Smart image analysis algorithms, fed by cameras carried by drones and ground vehicles, can help power companies prevent forest fires

7 min read
Smokey the AI

The 2021 Dixie Fire in northern California is suspected of being caused by Pacific Gas & Electric's equipment. The fire is the second-largest in California history.

Robyn Beck/AFP/Getty Images

The 2020 fire season in the United States was the worst in at least 70 years, with some 4 million hectares burned on the west coast alone. These West Coast fires killed at least 37 people, destroyed hundreds of structures, caused nearly US $20 billion in damage, and filled the air with smoke that threatened the health of millions of people. And this was on top of a 2018 fire season that burned more than 700,000 hectares of land in California, and a 2019-to-2020 wildfire season in Australia that torched nearly 18 million hectares.

While some of these fires started from human carelessness—or arson—far too many were sparked and spread by the electrical power infrastructure and power lines. The California Department of Forestry and Fire Protection (Cal Fire) calculates that nearly 100,000 burned hectares of those 2018 California fires were the fault of the electric power infrastructure, including the devastating Camp Fire, which wiped out most of the town of Paradise. And in July of this year, Pacific Gas & Electric indicated that blown fuses on one of its utility poles may have sparked the Dixie Fire, which burned nearly 400,000 hectares.

Until these recent disasters, most people, even those living in vulnerable areas, didn't give much thought to the fire risk from the electrical infrastructure. Power companies trim trees and inspect lines on a regular—if not particularly frequent—basis.

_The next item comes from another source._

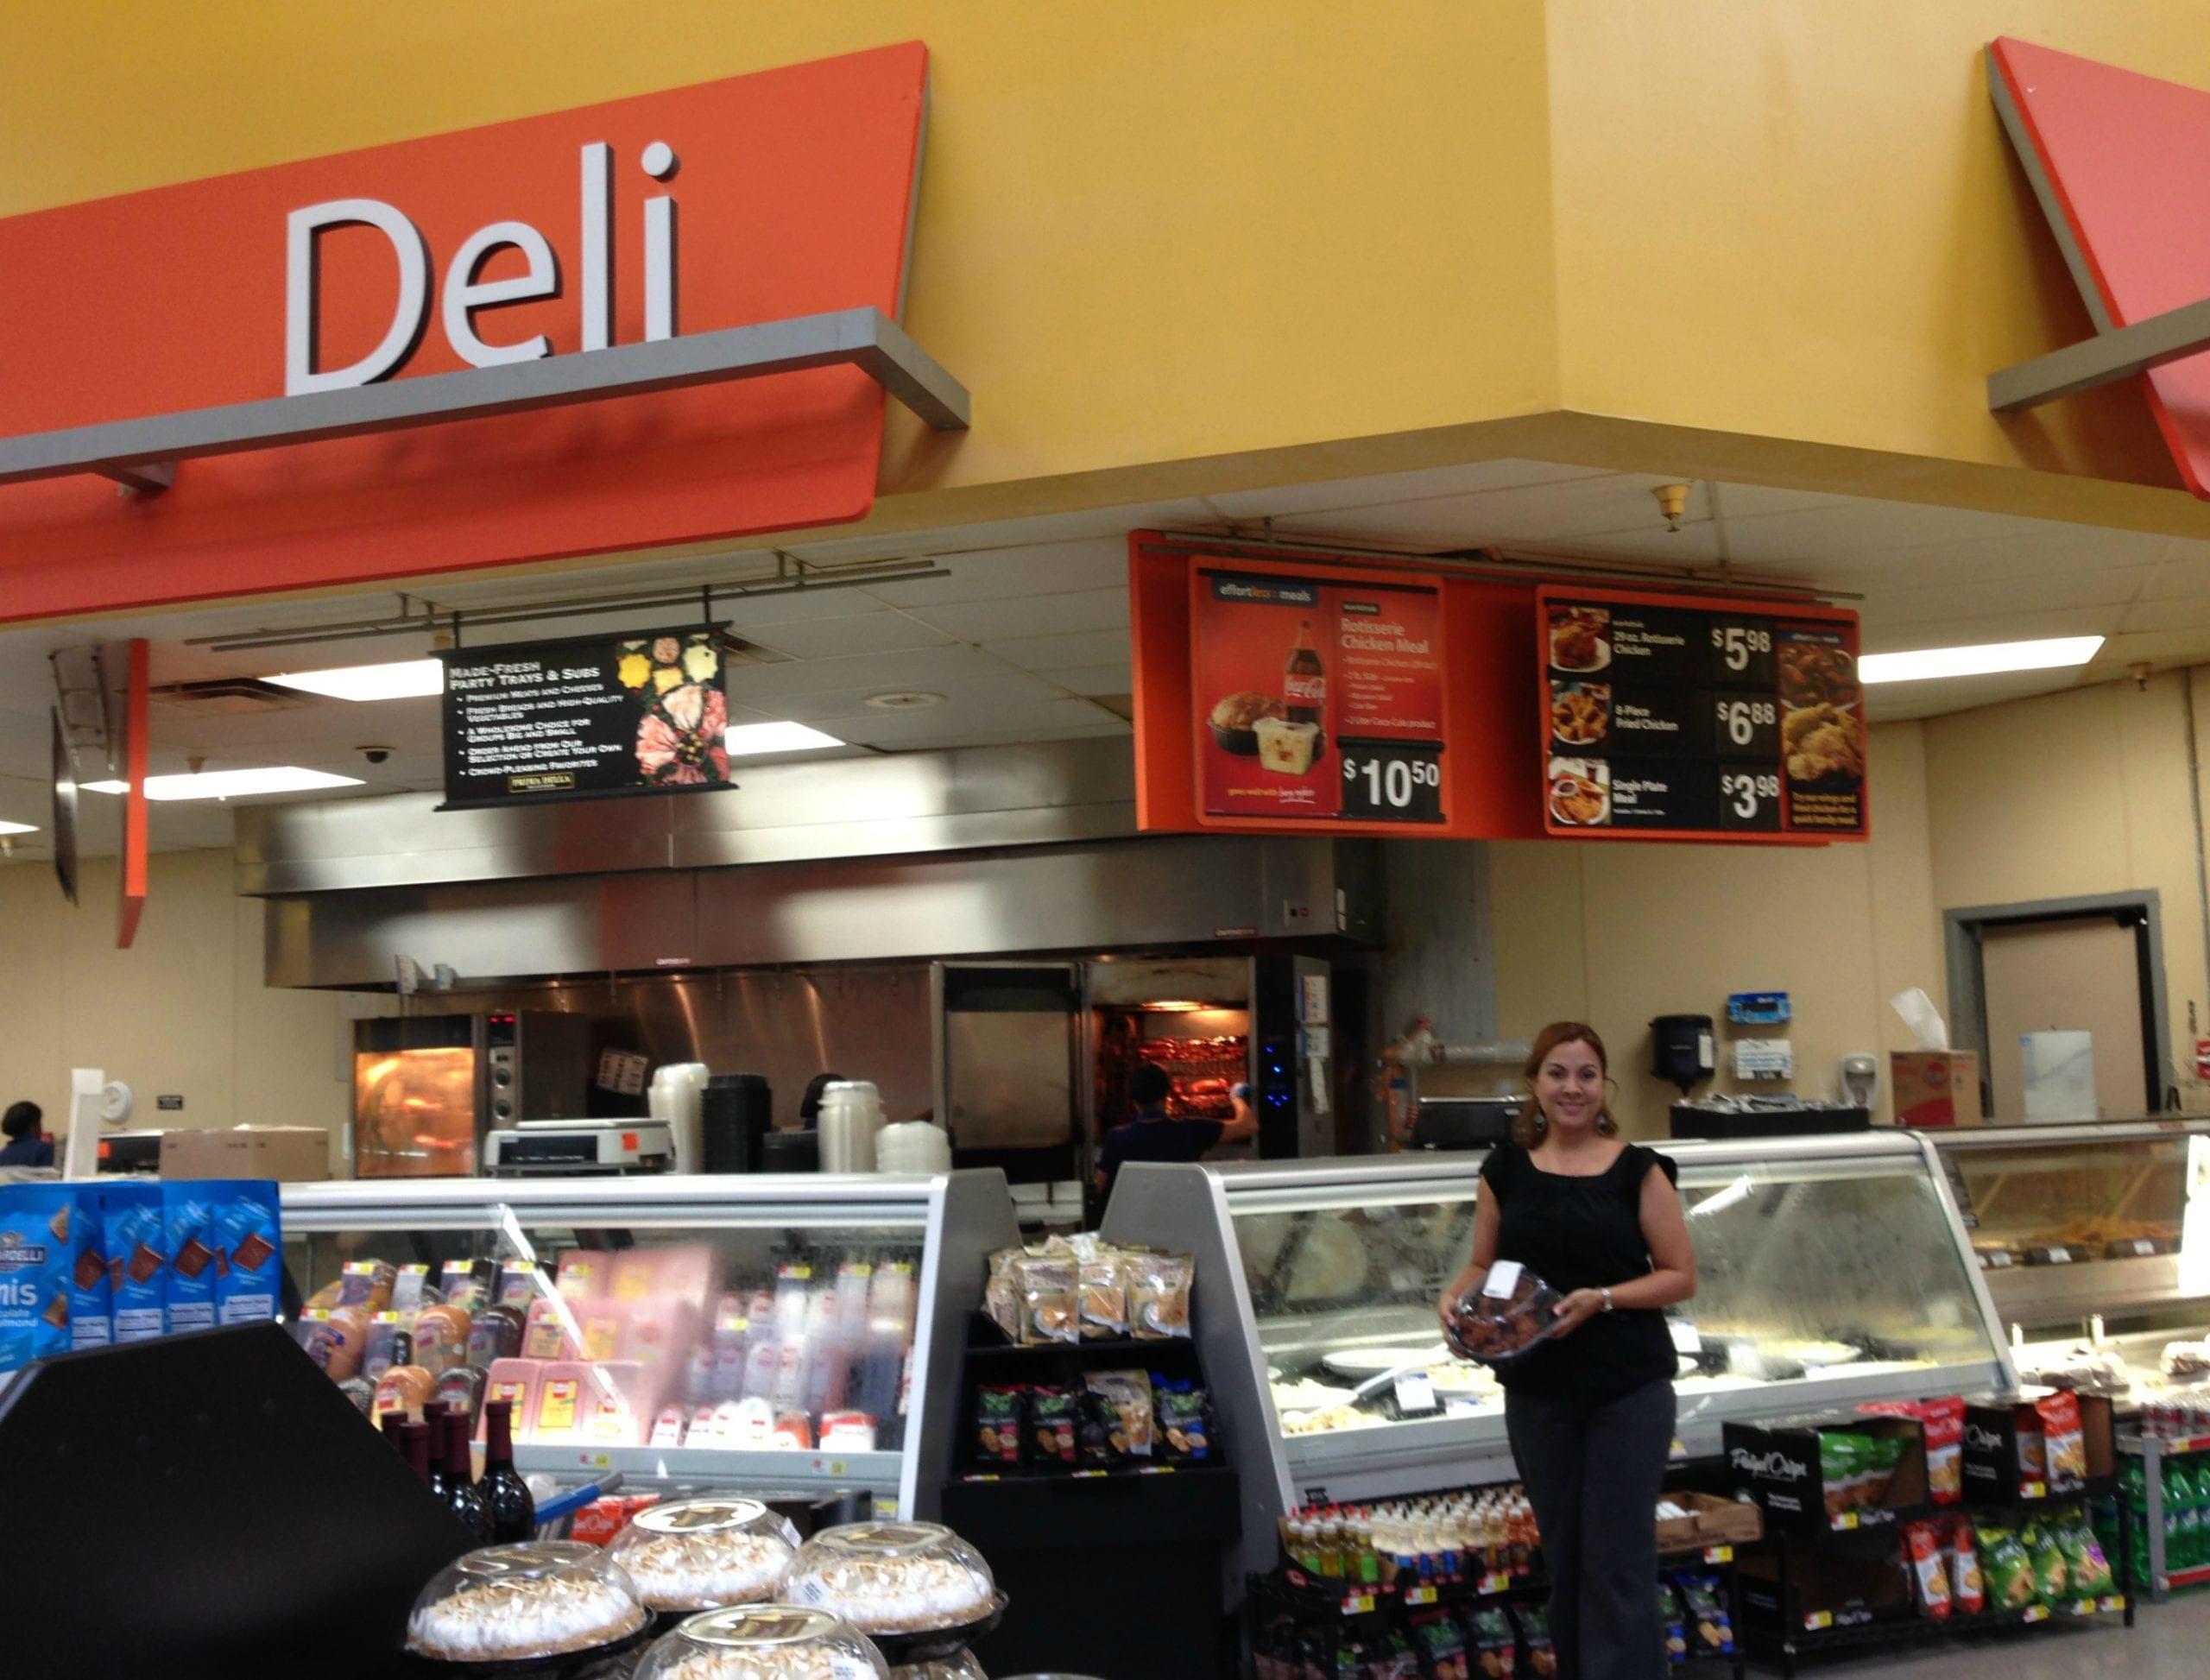 ad Deli Wings Mini Ciabatta Sandwiches - My Sweet Zepol
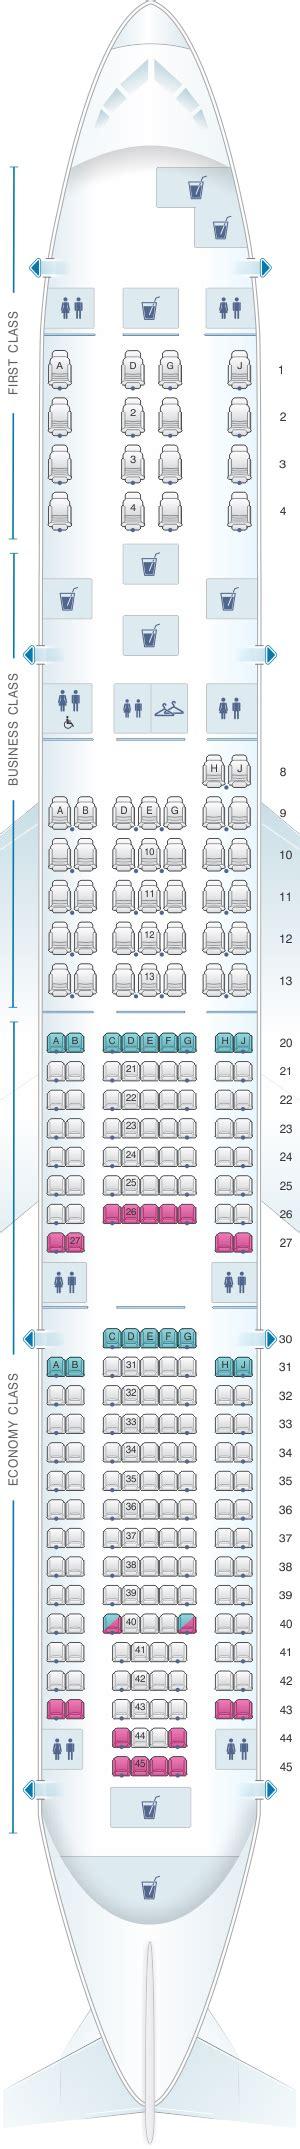 boeing 777 200 sieges plan de cabine airlines boeing b777 200

However, the frequency of these inspections has changed little over the years, even though climate change is causing drier and hotter weather conditions that lead up to more intense wildfires. In addition, many key electrical components are beyond their shelf lives, including insulators, transformers, arrestors, and splices that are more than 40 years old. Many transmission towers, most built for a 40-year lifespan, are entering their final decade.